We know that out-of-state ties are part of the story — in 2022, 38% of Vermont homicide victims were non-residents, a sharp rise from the decade prior. But the full picture remains incomplete. The statewide summary counts don’t track offender residence, and the public health tallies don’t show how individual cases break down by motive, drug connection, or whether the suspect had recently moved to Vermont. Case-level files — charging documents, court records, and the FBI’s SHR reports — do contain those details, but they haven’t yet been assembled into a comprehensive statewide picture. That is the next step in clarifying how much of the current spike is “homegrown” and how much is imported. FYIVT is working on it.
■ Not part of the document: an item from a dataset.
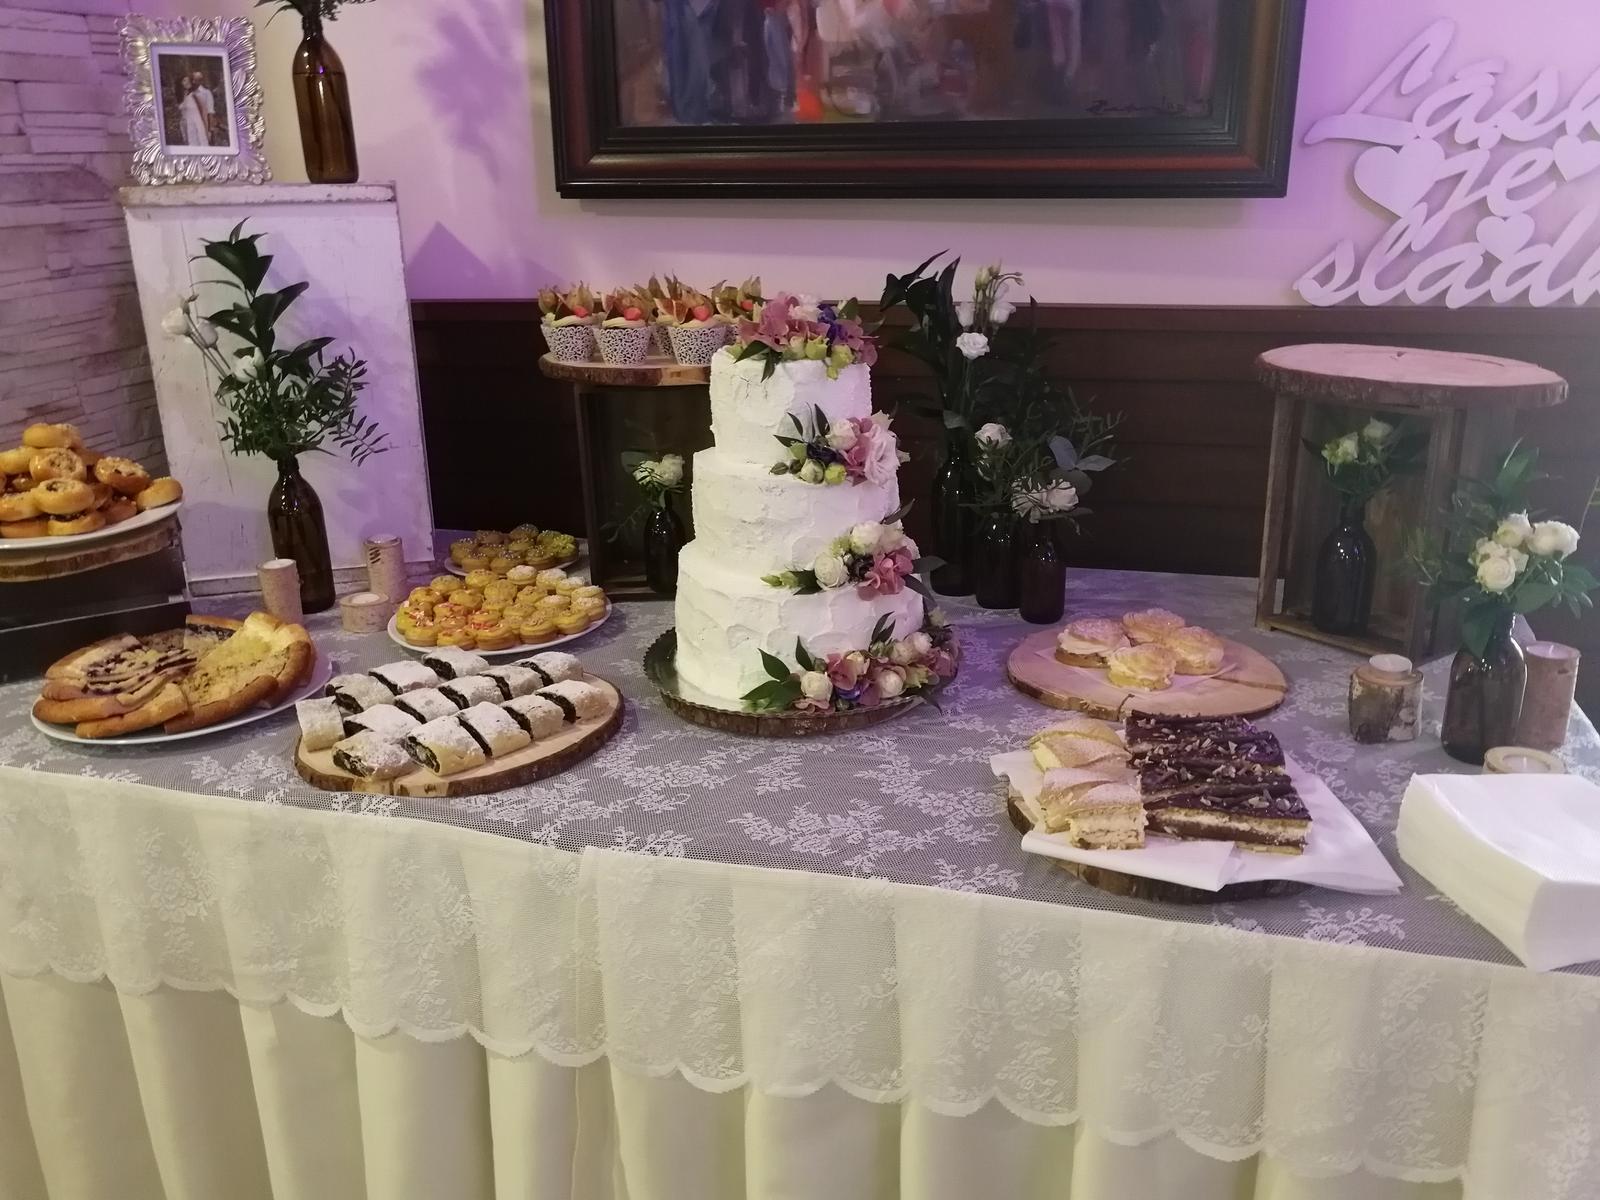 Svadba 29.9.2018 Hotel Kontakt - Obrázok č. 32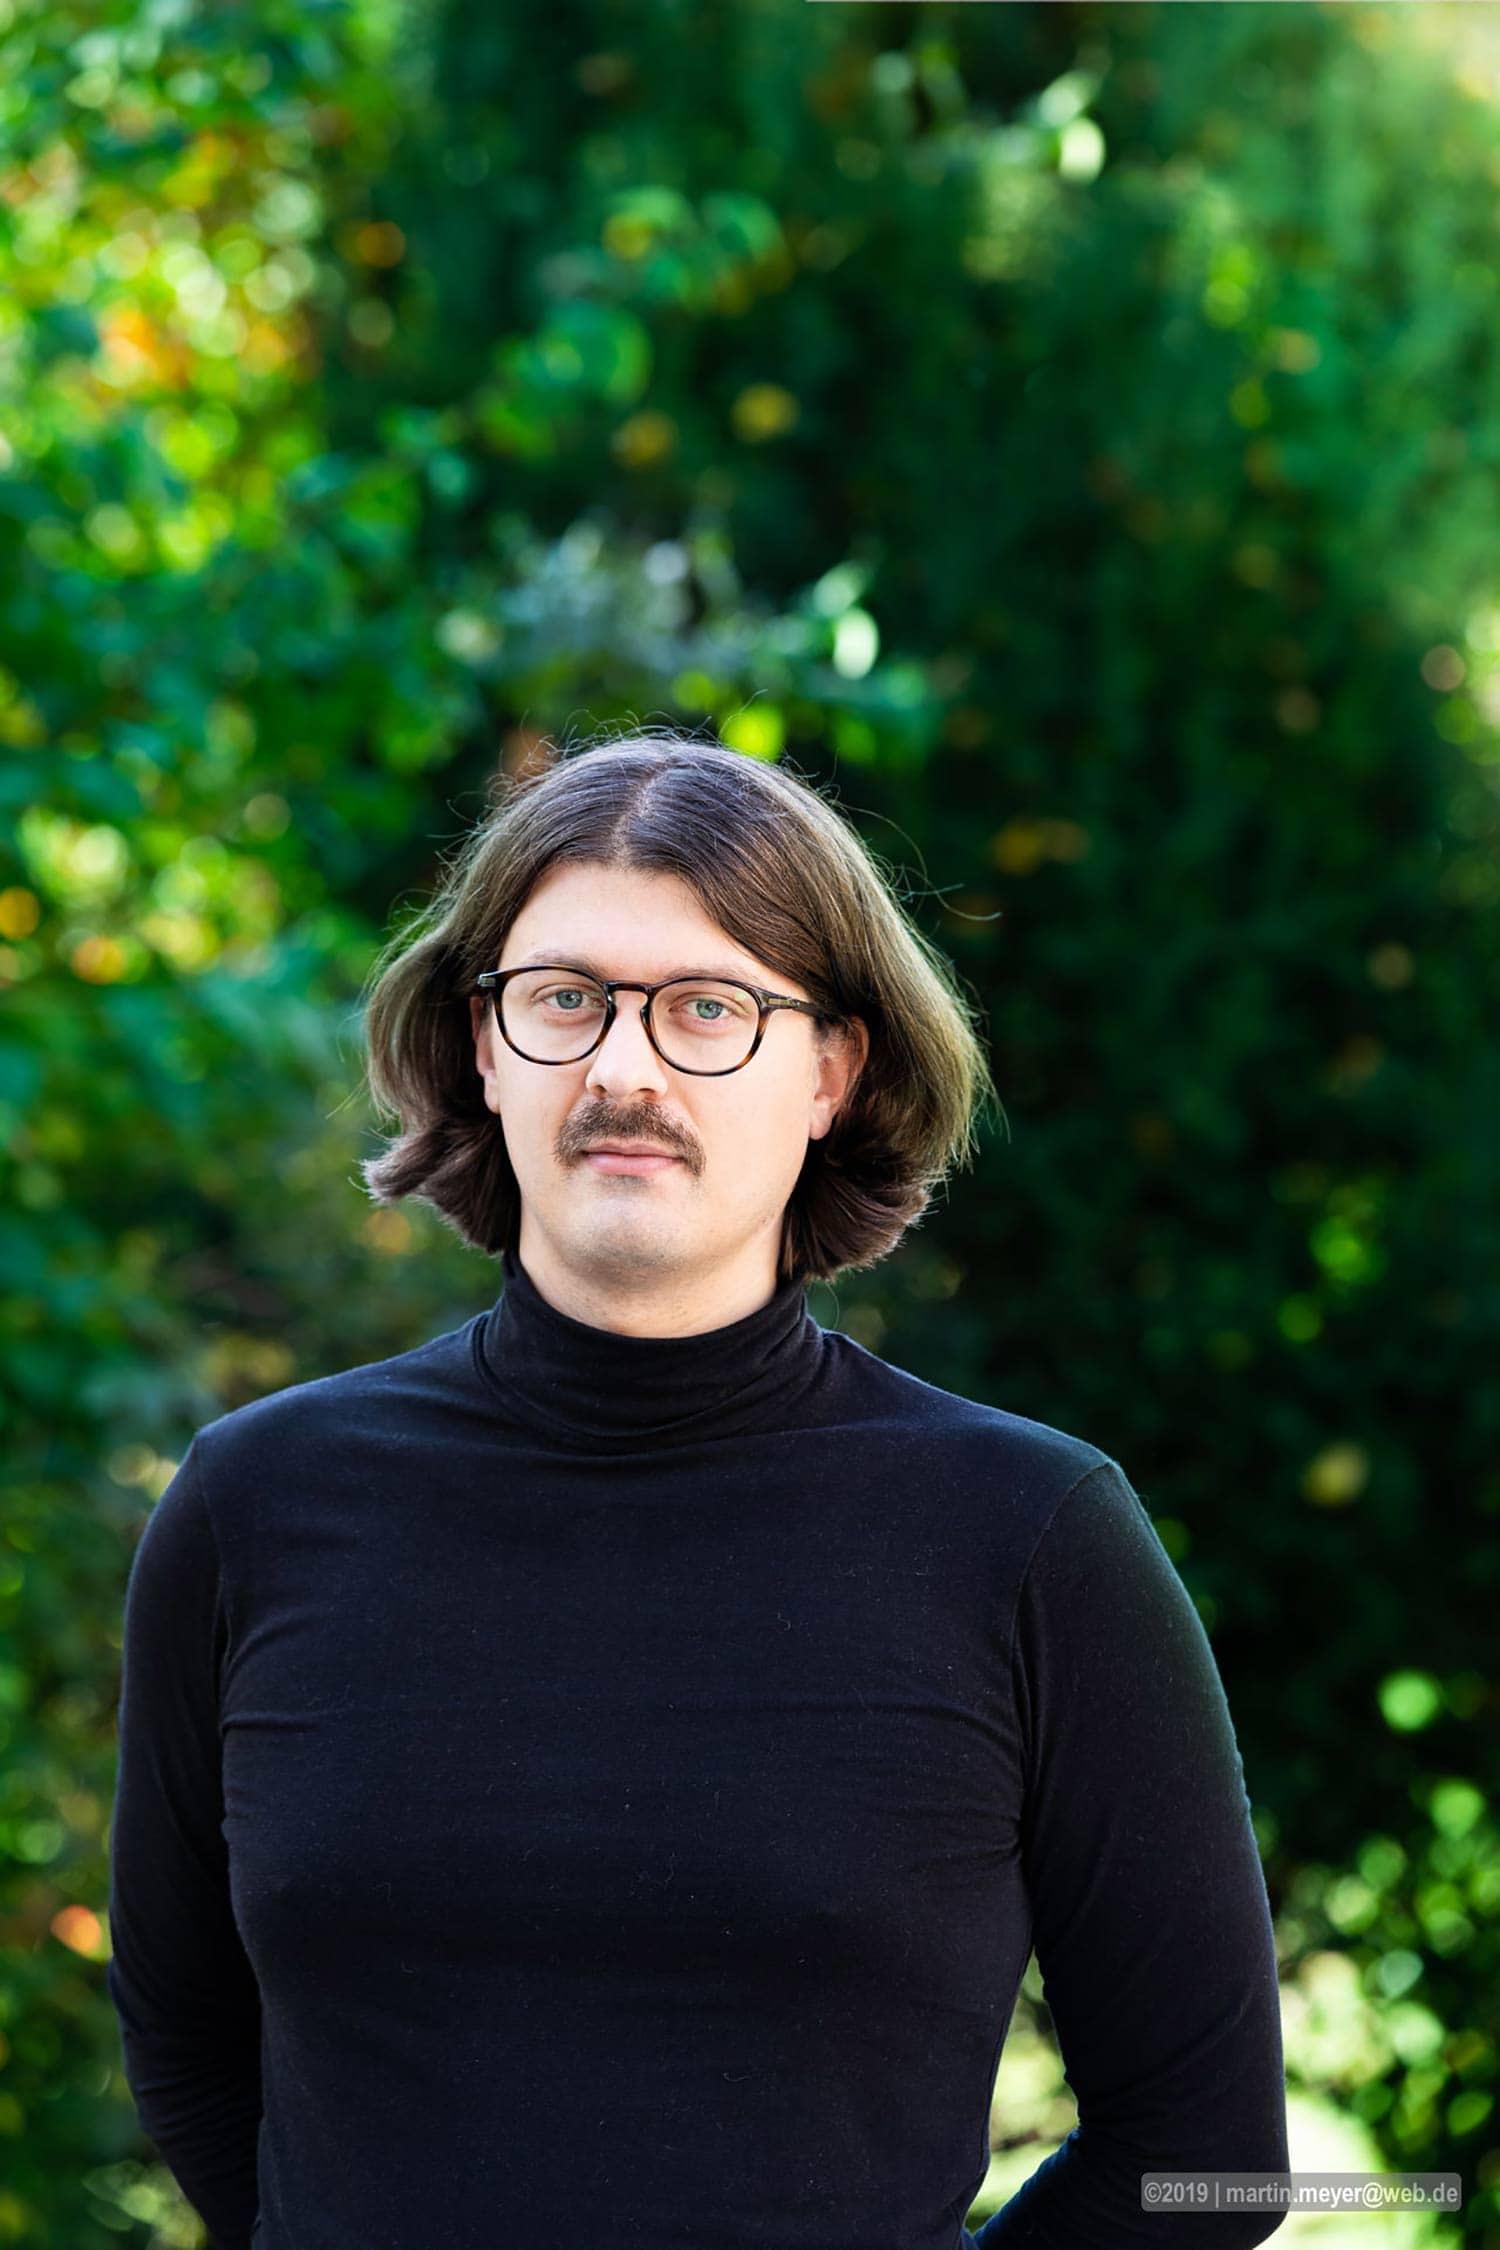 Grüne - Michael Achmann (28) Student Fotos: Bündnis 90/Die Grünen

Methodology (short and plain)

We stitched two official sources into a single series. For 1960–1984 we used the ICPSR UCR state data (summing agency-level act_murder — the UCR Murder & Non-Negligent Manslaughter tally — to state-year totals). For 1985–2025 we used FBI Crime Data Explorer monthly counts for Vermont, summed to years. We filled any unreported years as 0 to keep the line continuous. 2025 is year-to-date, so compare it cautiously with full years. The full dataset and code are available, and the chart in this post uses the same numbers.

Bottom line

Vermont’s homicide history isn’t a flat line with random bumps. It has two clear turns: a rise to the low-teens around 2000, and a sharper rise to the mid-teens since 2020, capped by record highs in 2022–2024. Drugs play a central role, and a significant share of recent victims — and in many cases, offenders — have been from out of state. The numbers establish the trend; the next task is clarifying the mix of causes behind it.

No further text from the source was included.